Reproduce only the lines below from the line containing "Caja sterilizer UV" to the line containing "Мебель для хранения", exactly as written, with both end lines kept. Omit the pictures.

## Material for this task
##############################

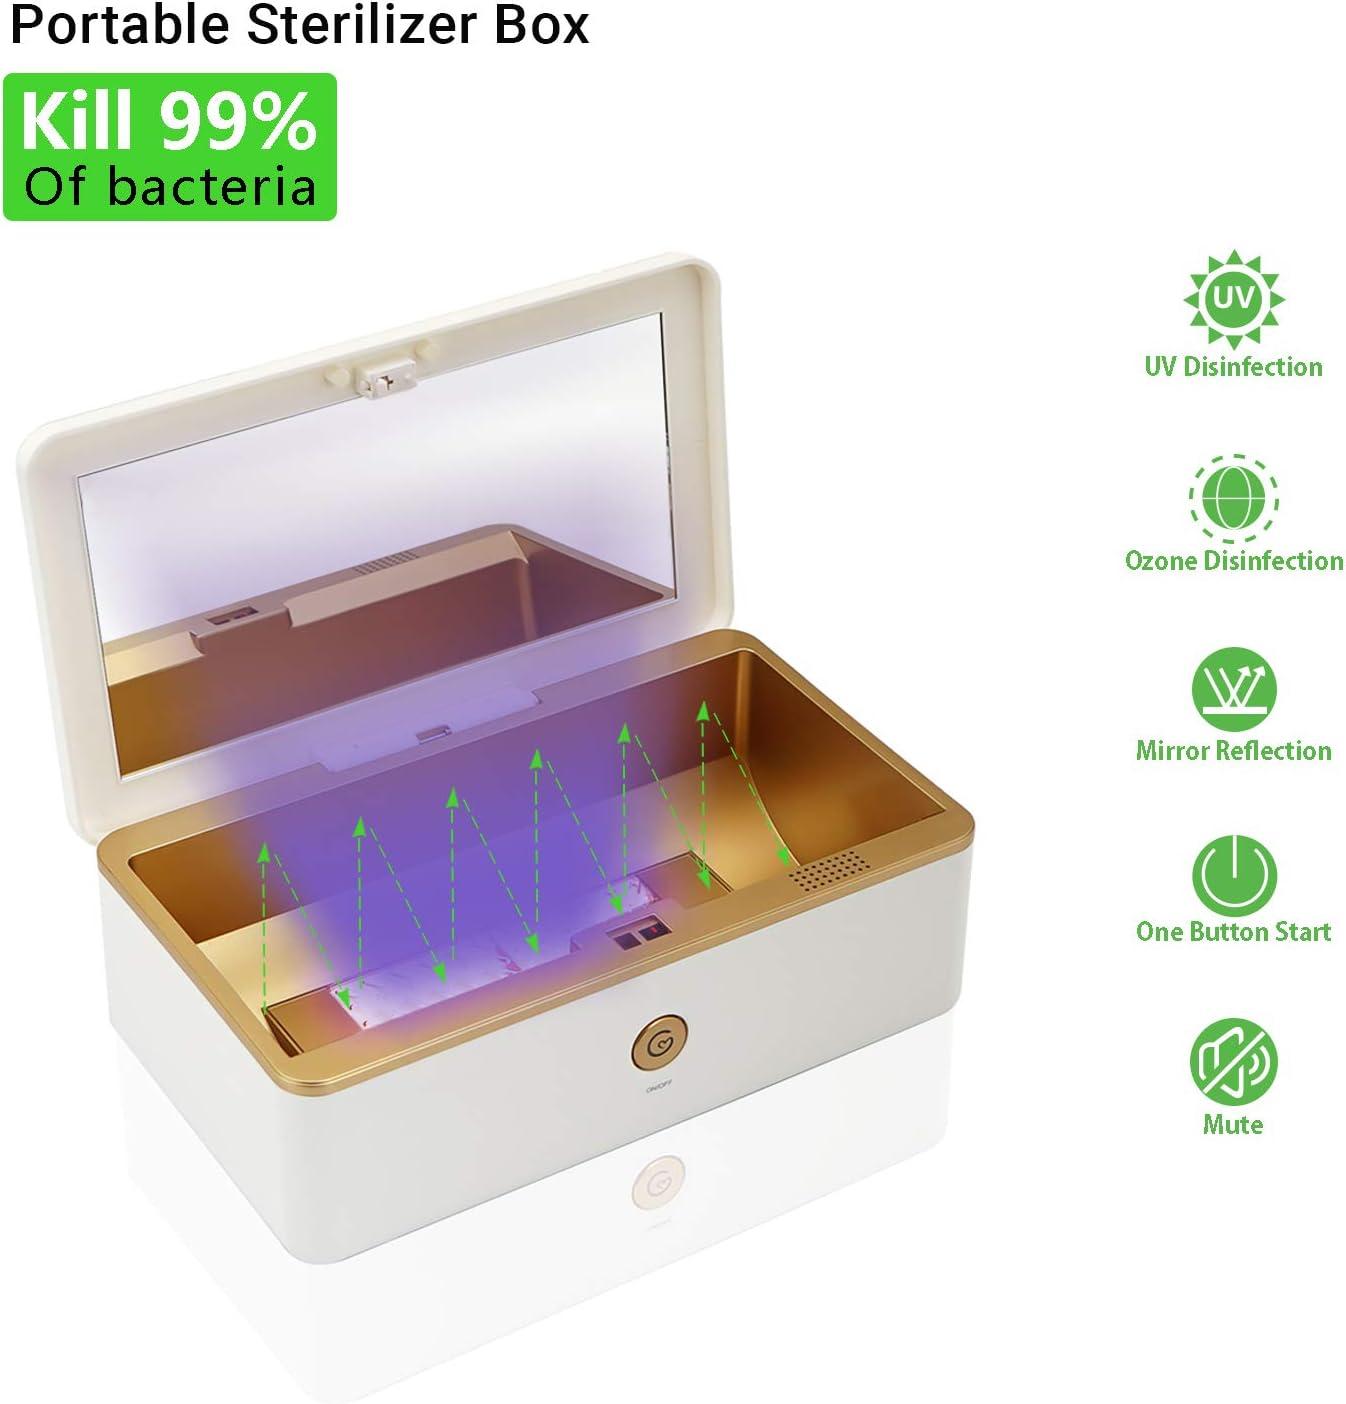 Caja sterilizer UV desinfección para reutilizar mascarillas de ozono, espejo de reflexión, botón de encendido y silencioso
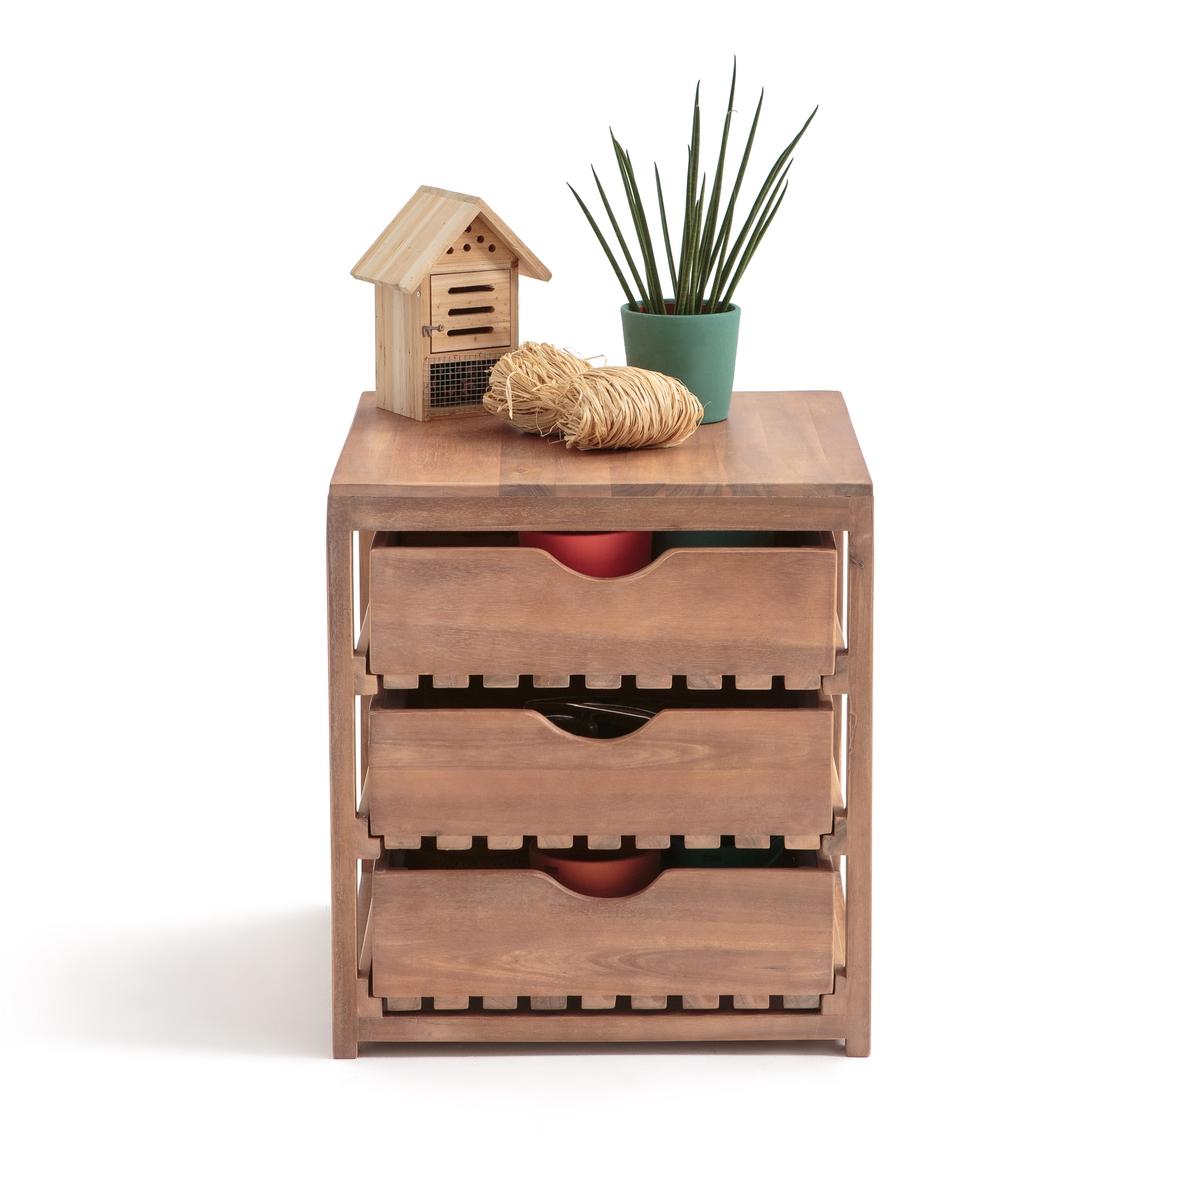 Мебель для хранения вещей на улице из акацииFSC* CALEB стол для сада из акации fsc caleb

##############################

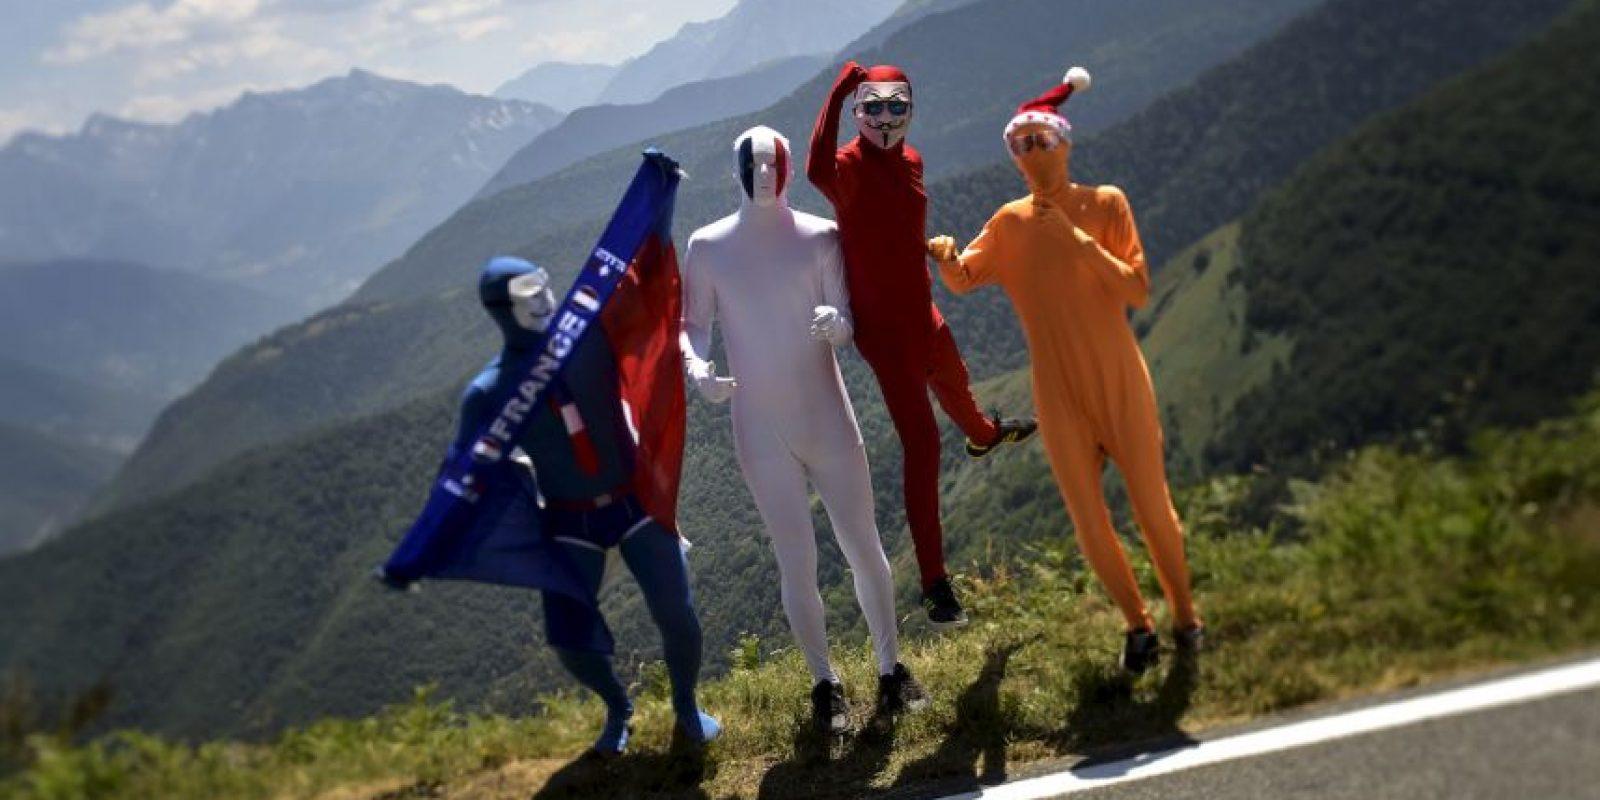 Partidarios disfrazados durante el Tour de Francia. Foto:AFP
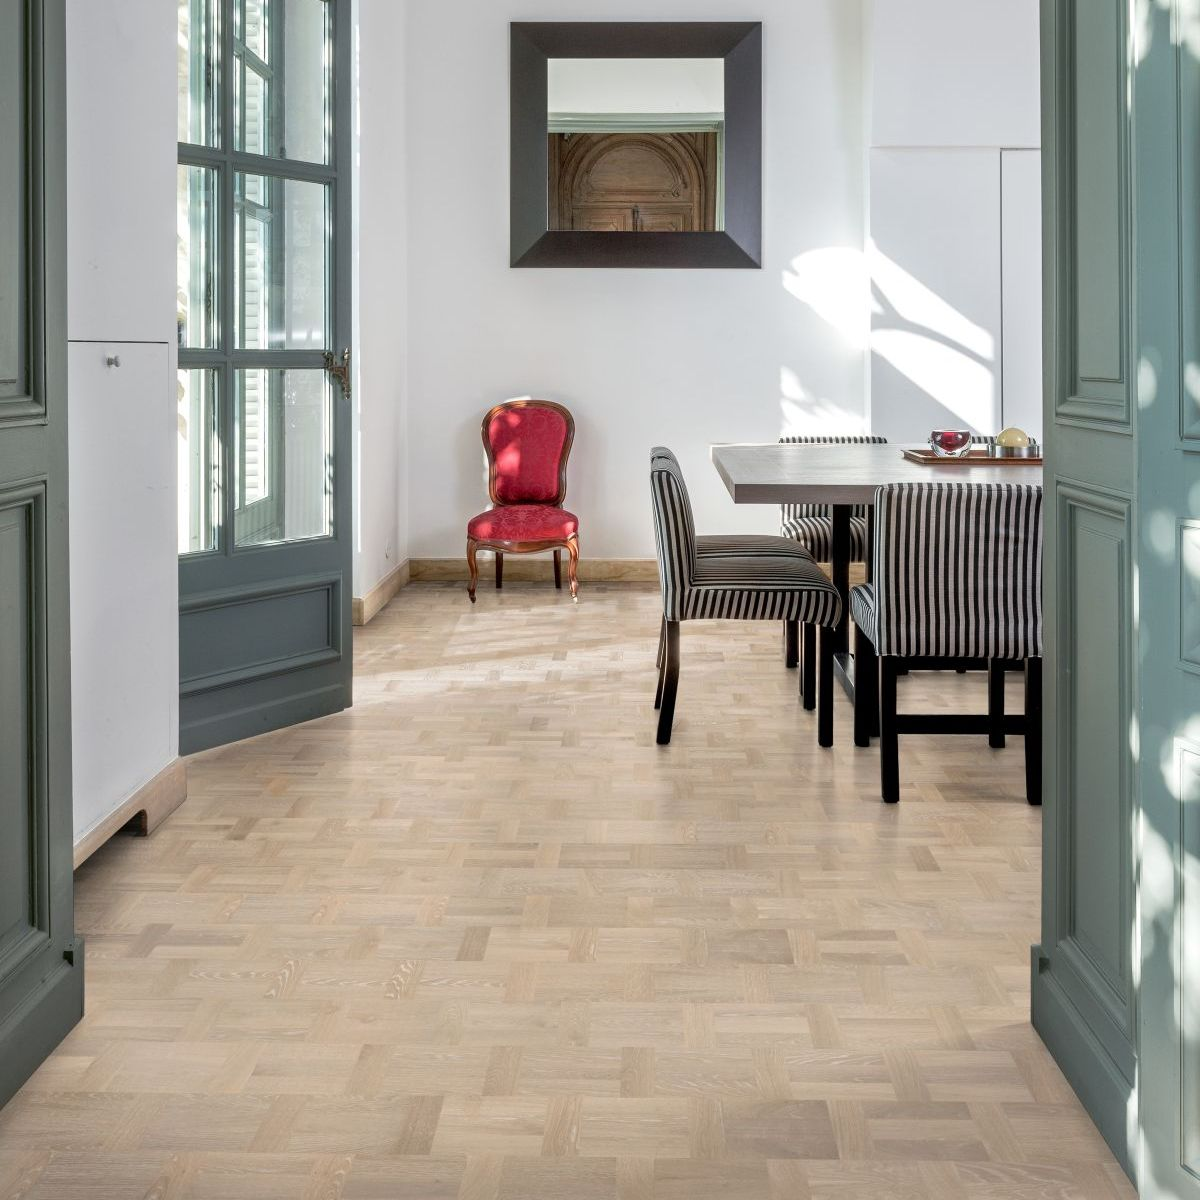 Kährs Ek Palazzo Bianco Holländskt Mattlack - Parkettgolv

##############################

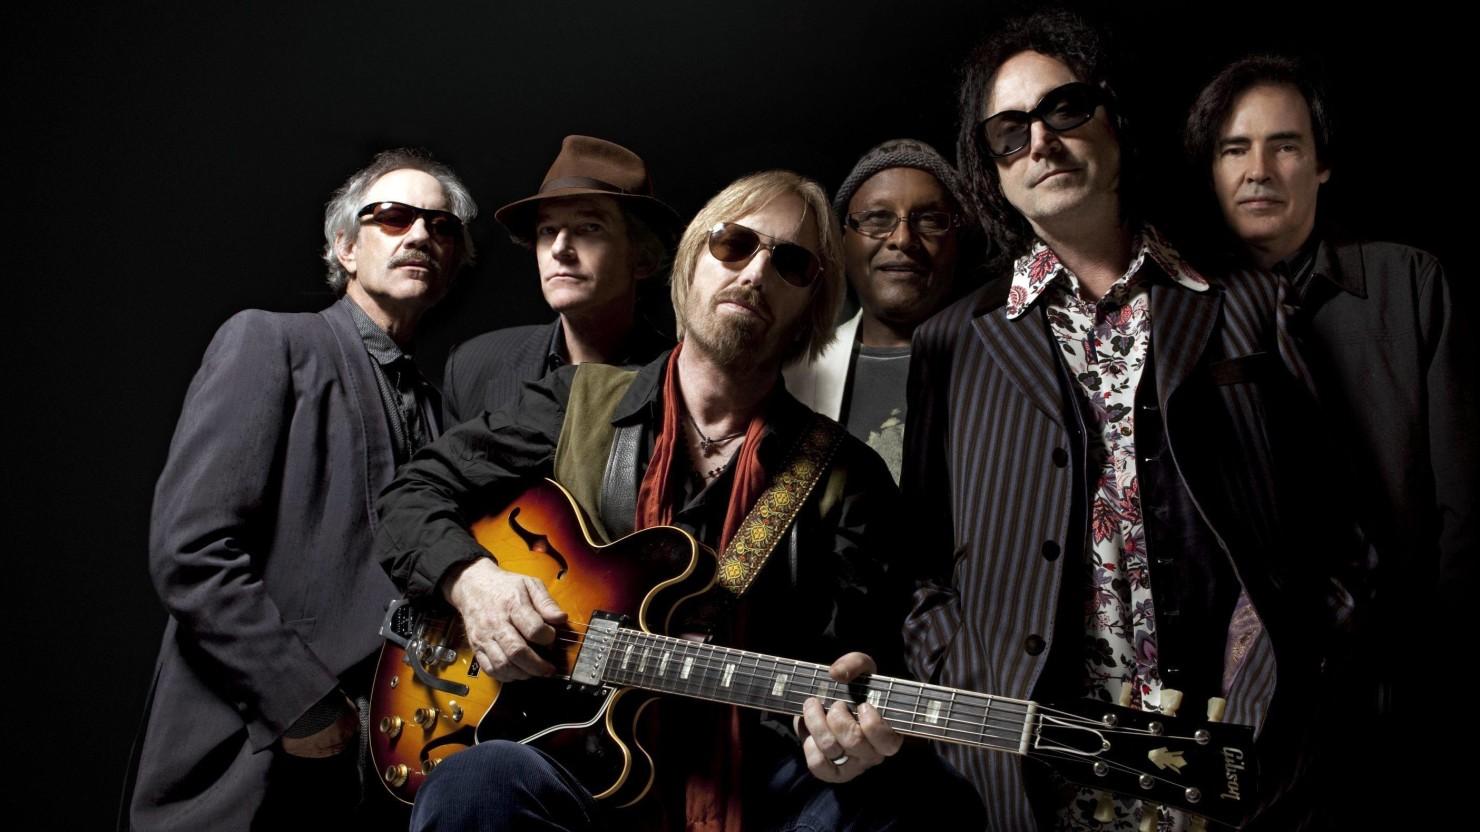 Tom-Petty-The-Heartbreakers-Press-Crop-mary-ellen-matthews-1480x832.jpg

##############################

## Reply to the task
 Caja sterilizer UV desinfección para reutilizar mascarillas de ozono, espejo de reflexión, botón de encendido y silencioso
 Мебель для хранения вещей на улице из акацииFSC* CALEB стол для сада из акации fsc caleb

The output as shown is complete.